What is python?
Python is an object-oriented open source programming language.
According to Python.org, its simple and easy-to-learn syntax emphasizes readability and, therefore, reduces the cost of program maintenance.
It is used in natural language processing (NLP), search / tracking data analysis and automation of SEO tools.
I am not a Python developer, so this article is not about how to build Python scripts.
Instead, it is a list of the six SEO tasks that you can automate with Python-based on my experience of executing repetitive and tedious tasks that took me and my team a long time to do:
Response Code Analysis
One of the most common frustrations experienced by SEO agencies and consultants is that customers do not implement their recommendations, even if they are critical to improving organic performance.
The reasons vary by customer, but a common cause is that they simply do not have the experience or resources to implement those recommendations.
And that is especially true if they have a challenging content management system.
Fortunately, there are solutions to help, such as the SEO automation company RankSense, which allows users to implement up to three priority recommendations such as title tags or robots.txt and daily or weekly descriptions in the Cloudflare content delivery network (CDN).
(Although RankSense currently only works with Cloudflare, they are working to add new CDNs soon.)
Now SEO recommendations can be implemented in days instead of months.
In addition, developers are only human, which means they can sometimes make mistakes that have a big impact on SEO, such as blocking the entire site because they pushed a new provisional site into production without changing the robots.txt file.
However, RankSense alerts users to errors like this and instantly corrects them so that they do not affect organic traffic.
2. Visibility benchmarking
The comparative visibility assessment reviews the current visibility of a site against the competition and identifies the gaps in the current coverage of keywords/content.

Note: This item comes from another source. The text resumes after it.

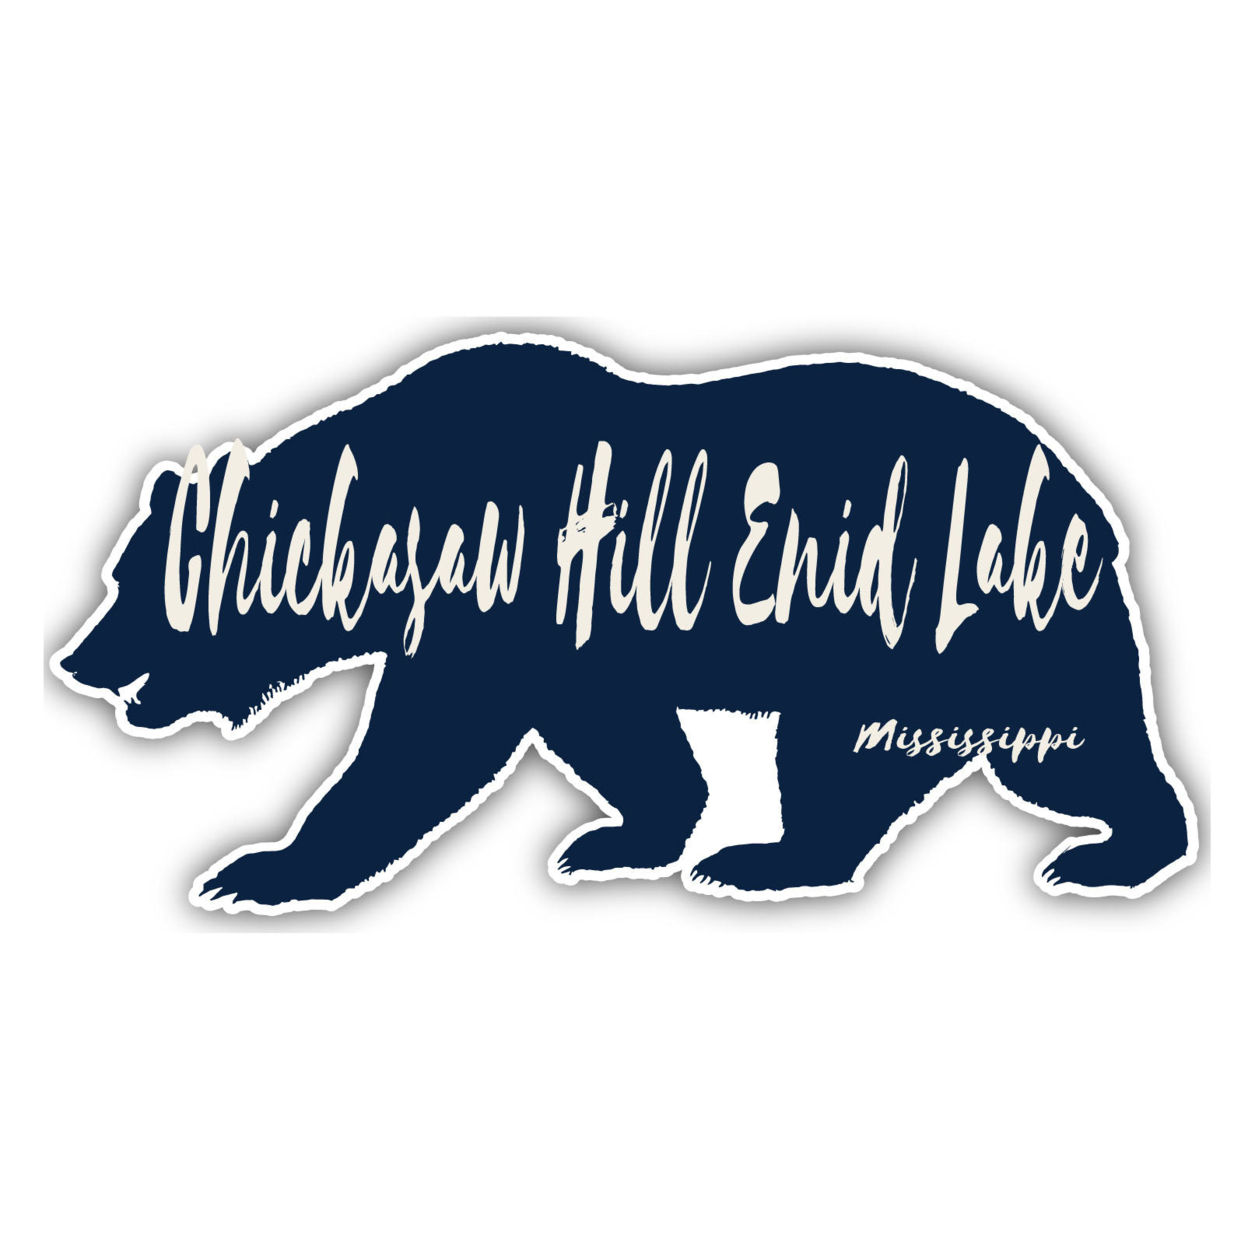 Chickasaw Hill Enid Lake Mississippi Souvenir Decorative Stickers (Choose Theme And Size) - 4-Pack, 12-Inch, Bear

It also identifies where competitors have visibility that your site does not have.
You can usually extract data with SEMrush, BrightEdge Data Cube, and other data sources.

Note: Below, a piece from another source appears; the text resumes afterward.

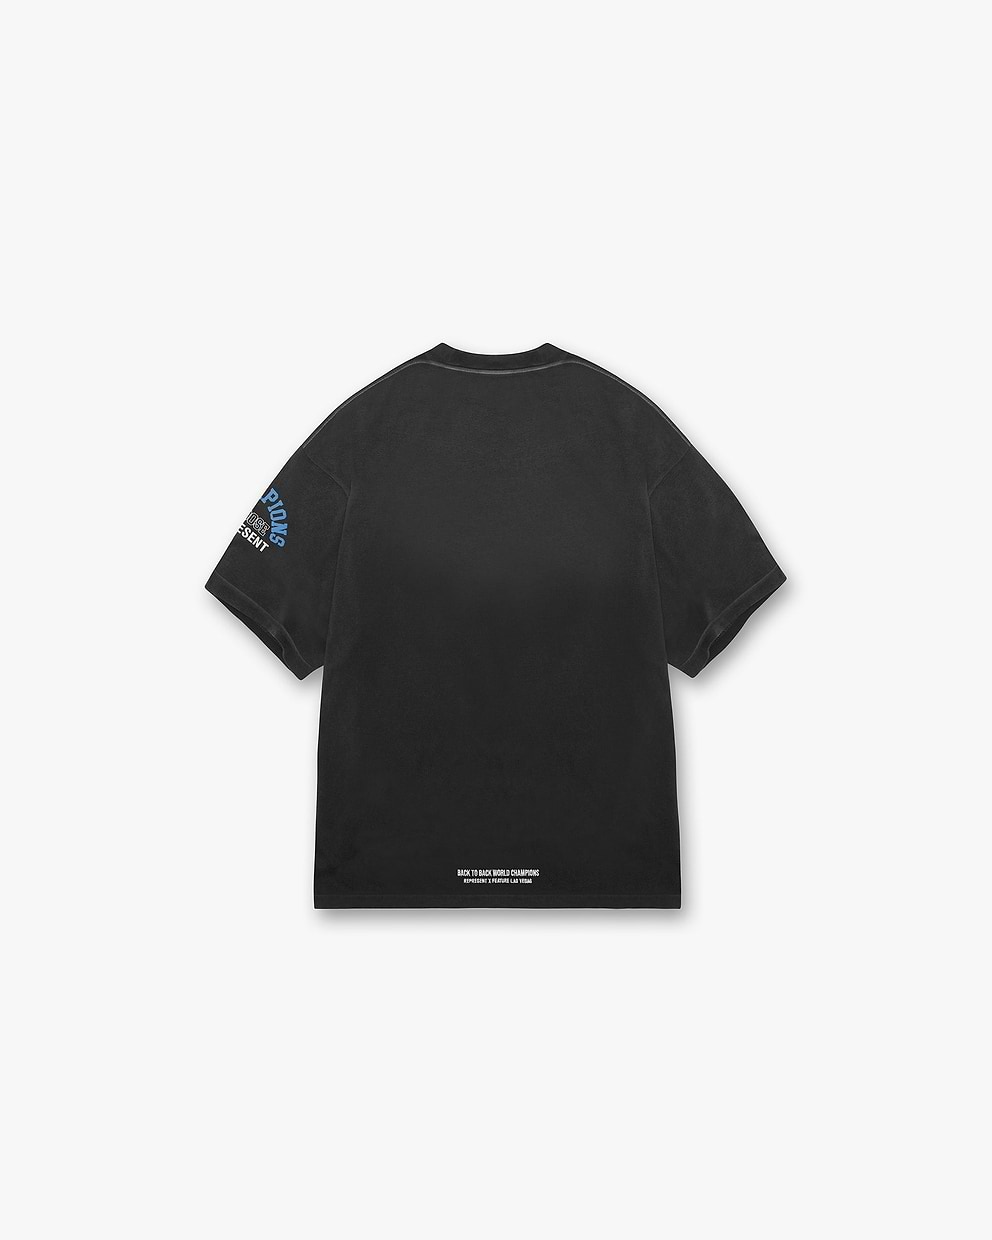 Represent X Feature Champion Rings T-Shirt - Stained Black

To do this, enter the data in Excel and organize it by keywords with and without branding and indifferent visibility zones.
This is quite challenging if you have many unbranded keywords, commercial lines, and competitors, and if you have several categories and subcategories.
However, using Python scripts, you can automate the process and analyze traffic between sites with overlapping keywords to capture untapped audiences and find content gaps.
This is much faster and may take only a few hours.
3. Intention Categorization
Part of the comparative visibility assessment process is the categorization of intentions, an exhausting process that used to be done manually.
For a large site with thousands or even millions of keywords, ranking the keywords by intention (see, think, do) could be your worst nightmare and take weeks.
Now, however, it is possible to make an automated classification of intentions through deep learning.
Deep learning is based on sophisticated neural networks.
python is the most common language used behind the scenes due to extensive library & adoption within the academic community
4. XML Sitemaps
XML site maps are like real maps of your website, which allow Google to know the most important pages, as well as the pages to track.
If you have a dynamic site with thousands or millions of pages, it can be difficult to see which pages are indexed, especially if all URLs are in a massive XML file.
Now, suppose you have pages of critical importance on your site that must be crawled and indexed at all costs.
For example, the best sellers on an e-commerce site, or the most popular destinations on a travel site.
If you combine your most important pages with less important pages in your XML site maps (which is the default behavior in most CMS-generated site maps), you may not know when some of your best pages have crawling problems or indexing.
However, with Python scripts, you can easily create custom XML site maps that include only the pages you are interested in closely monitoring to implement on your server and send it to Google Search Console.
5. Response Code Analysis
Google and other search engines continue to use links as a signal and remain important to improve organic visibility.
It’s about quality, not quantity.
Links should be obtained for the excellent content on your site and how that content helps people solve problems, or how it offers products that can help solve problems.
Now imagine that you had a critical page on your site, one that has many links and rankings for thousands of keywords, and it breaks or has a 302 redirect and I didn’t know it until you looked at your analysis and saw a drop in traffic and income.
Fortunately, there is a Python script called Pylinkvalidator that can verify all your URL status codes to make sure you don’t have broken pages or pages that redirect to another URL.
6. SEO analysis
We all love SEO tools that provide a quick analysis of a page to see any SEO problem, such as:
Does the page have a good title tag or does it have the title tag?
Is the meta description missing or is it convincing enough to get a click?
Does the page have adequate structured data?
How many words does this page have?
What are the most common phrases used on this page?
This Python SEO analyzer can easily identify problems on each page that you can solve and prioritize to increase your organic performance.
Automation is helping SEO professionals save time and be more efficient so we can focus on the strategy to improve the organic performance of our customers.
Python is a very promising programming language that can help automate time-consuming tasks to be done in minutes, and with no programming or limited experience.
As Google becomes more sophisticated with advances in machine learning over time, more and more elements will be automated.
That is why it is important that SEO professionals become familiar with programming languages such as Python that can help them gain an advantage in time and efficiency.